• [Extracted entries]:

-------------------------

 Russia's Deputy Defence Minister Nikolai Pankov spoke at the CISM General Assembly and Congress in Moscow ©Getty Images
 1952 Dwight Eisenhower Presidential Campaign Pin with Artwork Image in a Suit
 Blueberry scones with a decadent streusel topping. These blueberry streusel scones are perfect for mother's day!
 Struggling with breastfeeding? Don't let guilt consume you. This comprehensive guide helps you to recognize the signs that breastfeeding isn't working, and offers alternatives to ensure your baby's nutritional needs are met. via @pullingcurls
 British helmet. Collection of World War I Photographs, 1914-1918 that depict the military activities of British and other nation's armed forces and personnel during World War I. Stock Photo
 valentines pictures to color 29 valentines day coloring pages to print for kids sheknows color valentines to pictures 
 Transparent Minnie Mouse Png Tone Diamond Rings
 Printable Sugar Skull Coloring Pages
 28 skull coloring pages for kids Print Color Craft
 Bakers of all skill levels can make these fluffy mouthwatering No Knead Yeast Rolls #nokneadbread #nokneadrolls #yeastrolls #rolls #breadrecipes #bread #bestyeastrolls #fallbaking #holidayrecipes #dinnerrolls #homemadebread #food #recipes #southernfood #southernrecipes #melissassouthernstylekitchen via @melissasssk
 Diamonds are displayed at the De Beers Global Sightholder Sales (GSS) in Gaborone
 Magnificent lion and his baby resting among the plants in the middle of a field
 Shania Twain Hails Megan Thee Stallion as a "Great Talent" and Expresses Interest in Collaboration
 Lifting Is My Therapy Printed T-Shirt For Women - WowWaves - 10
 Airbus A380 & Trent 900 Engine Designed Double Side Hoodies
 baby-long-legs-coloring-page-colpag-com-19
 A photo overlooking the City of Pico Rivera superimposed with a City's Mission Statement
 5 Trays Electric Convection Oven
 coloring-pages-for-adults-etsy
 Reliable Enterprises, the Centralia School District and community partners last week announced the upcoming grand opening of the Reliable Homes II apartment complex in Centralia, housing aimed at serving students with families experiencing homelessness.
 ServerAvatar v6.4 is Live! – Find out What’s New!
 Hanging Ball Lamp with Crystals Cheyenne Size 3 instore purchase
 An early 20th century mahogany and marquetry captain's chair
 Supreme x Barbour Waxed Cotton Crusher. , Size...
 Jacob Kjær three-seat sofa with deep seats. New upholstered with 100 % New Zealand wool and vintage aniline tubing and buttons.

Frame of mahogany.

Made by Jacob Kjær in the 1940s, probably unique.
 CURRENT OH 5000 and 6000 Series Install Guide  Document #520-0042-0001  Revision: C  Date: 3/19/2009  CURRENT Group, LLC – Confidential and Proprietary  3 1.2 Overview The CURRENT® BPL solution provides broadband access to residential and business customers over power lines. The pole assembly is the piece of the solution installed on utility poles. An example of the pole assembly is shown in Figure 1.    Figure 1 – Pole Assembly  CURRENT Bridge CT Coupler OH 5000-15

-------------------------

• [Task brief]: Scan the records above for the string "Kjær", then report every line that contains it.

• [Result]:
 Jacob Kjær three-seat sofa with deep seats. New upholstered with 100 % New Zealand wool and vintage aniline tubing and buttons.
Made by Jacob Kjær in the 1940s, probably unique.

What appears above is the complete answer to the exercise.